*** PROVIDED MATERIAL Section Begins ***

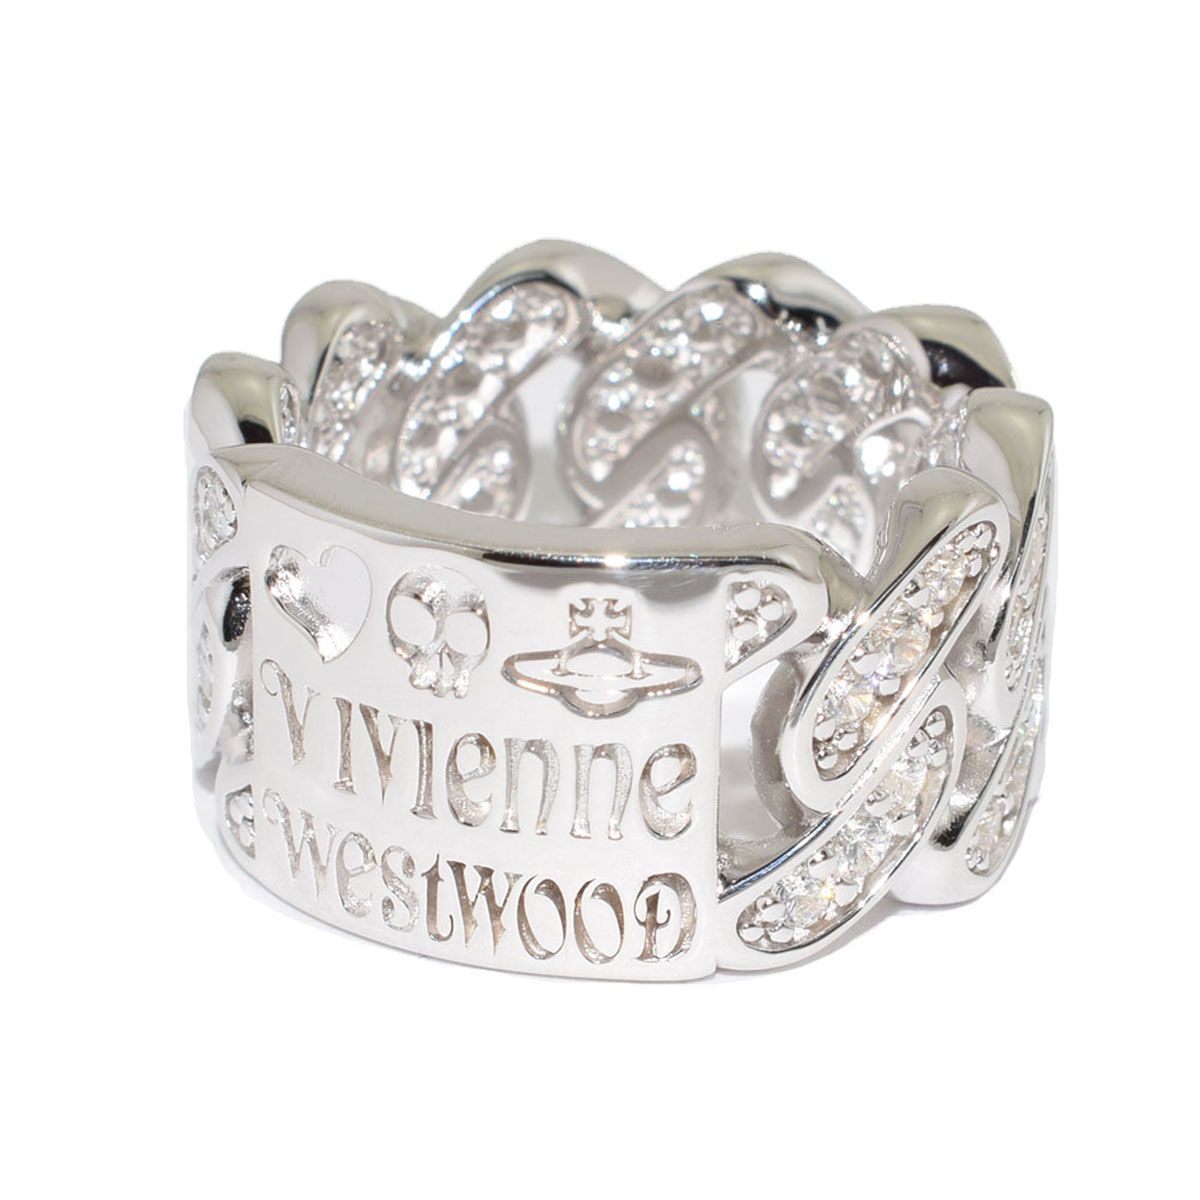 ヴィヴィアン ウエストウッド Vivienne Westwood 指輪 リング ROY RING アクセサリー シルバー ギフト プレゼント クリスマス 誕生日 640
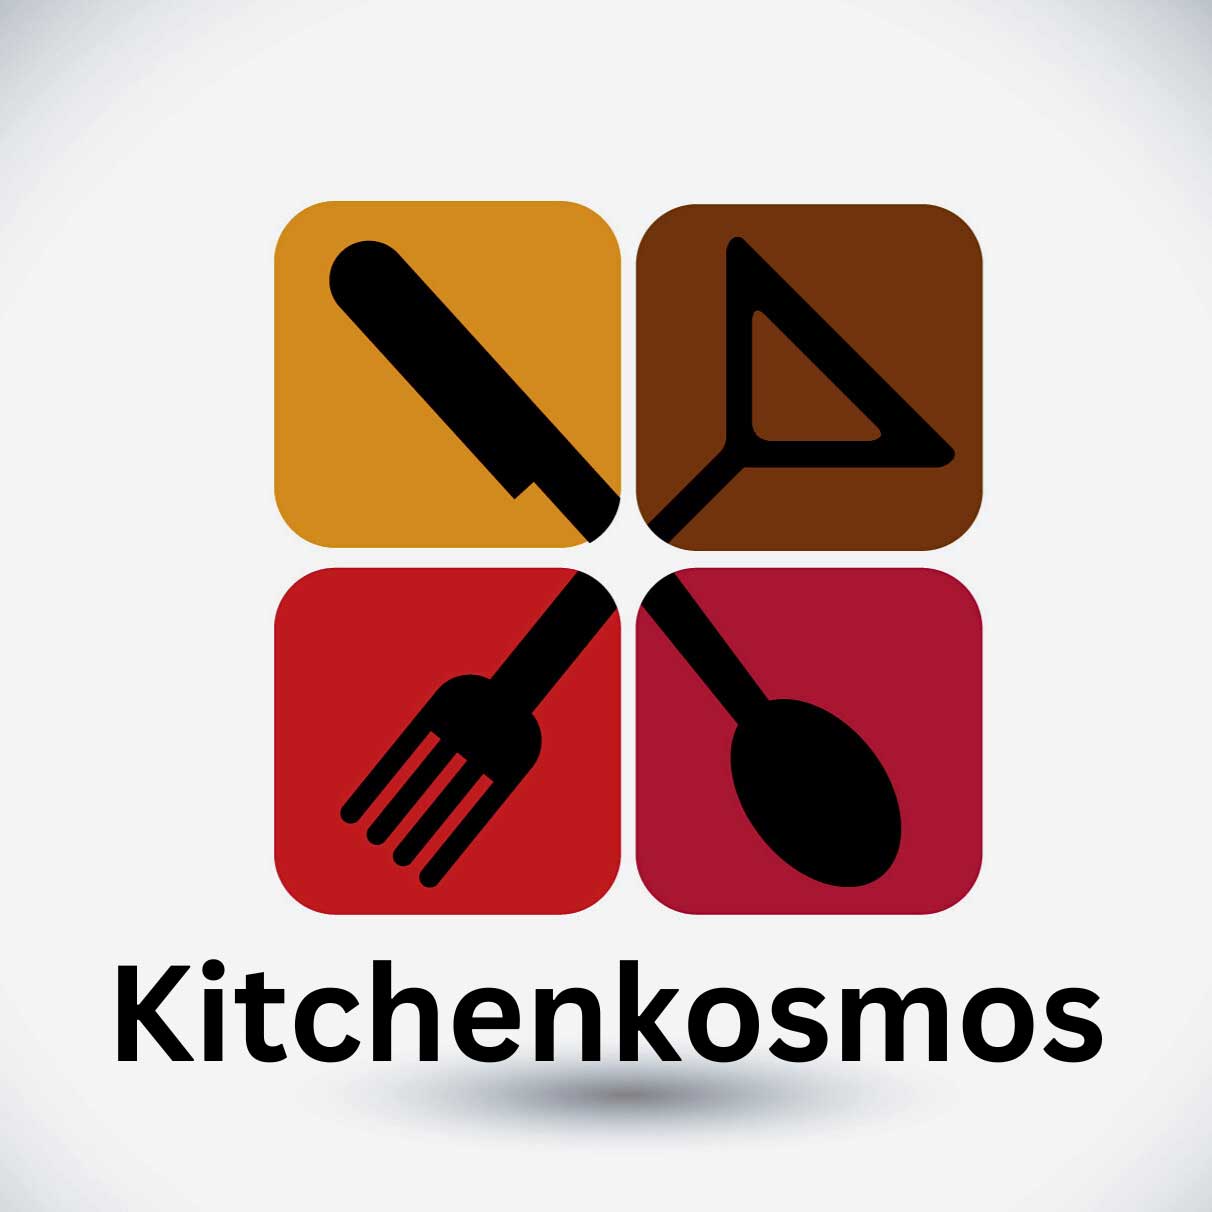 Business logo of Kitchenkosmos
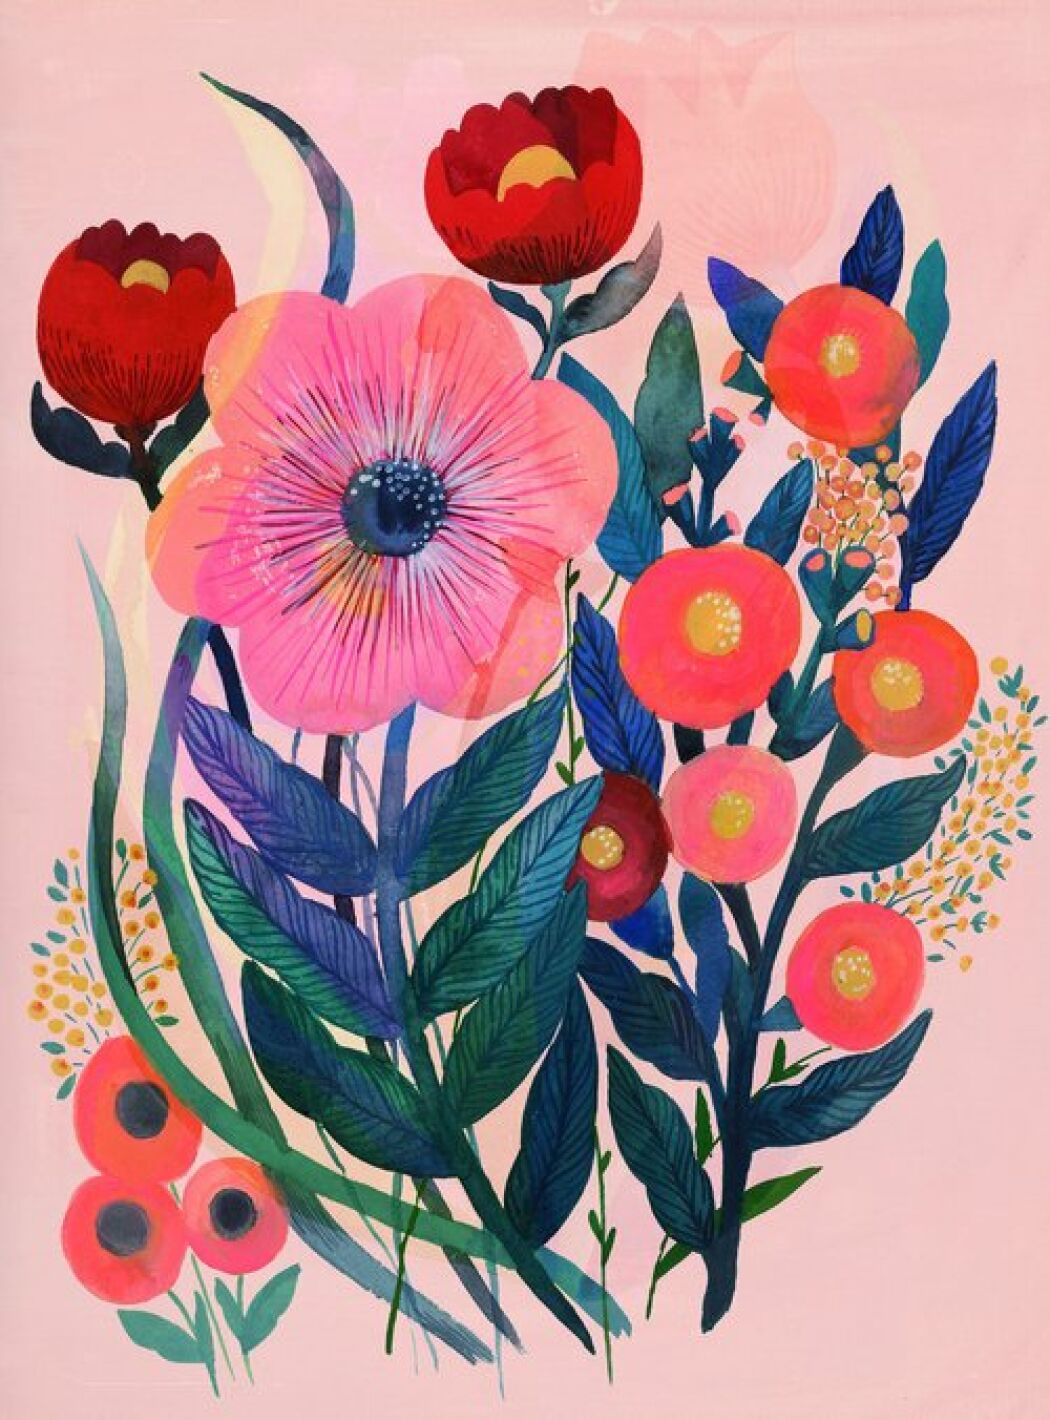 Botanical art work by Malin Gyllensvaan

*** PROVIDED MATERIAL Section Ends ***

TASK -> The full listing, reproduced exactly and without pictures, is the expected output.

ANSWER SPACE ->
 ヴィヴィアン ウエストウッド Vivienne Westwood 指輪 リング ROY RING アクセサリー シルバー ギフト プレゼント クリスマス 誕生日 640
 Business logo of Kitchenkosmos
 Botanical art work by Malin Gyllensvaan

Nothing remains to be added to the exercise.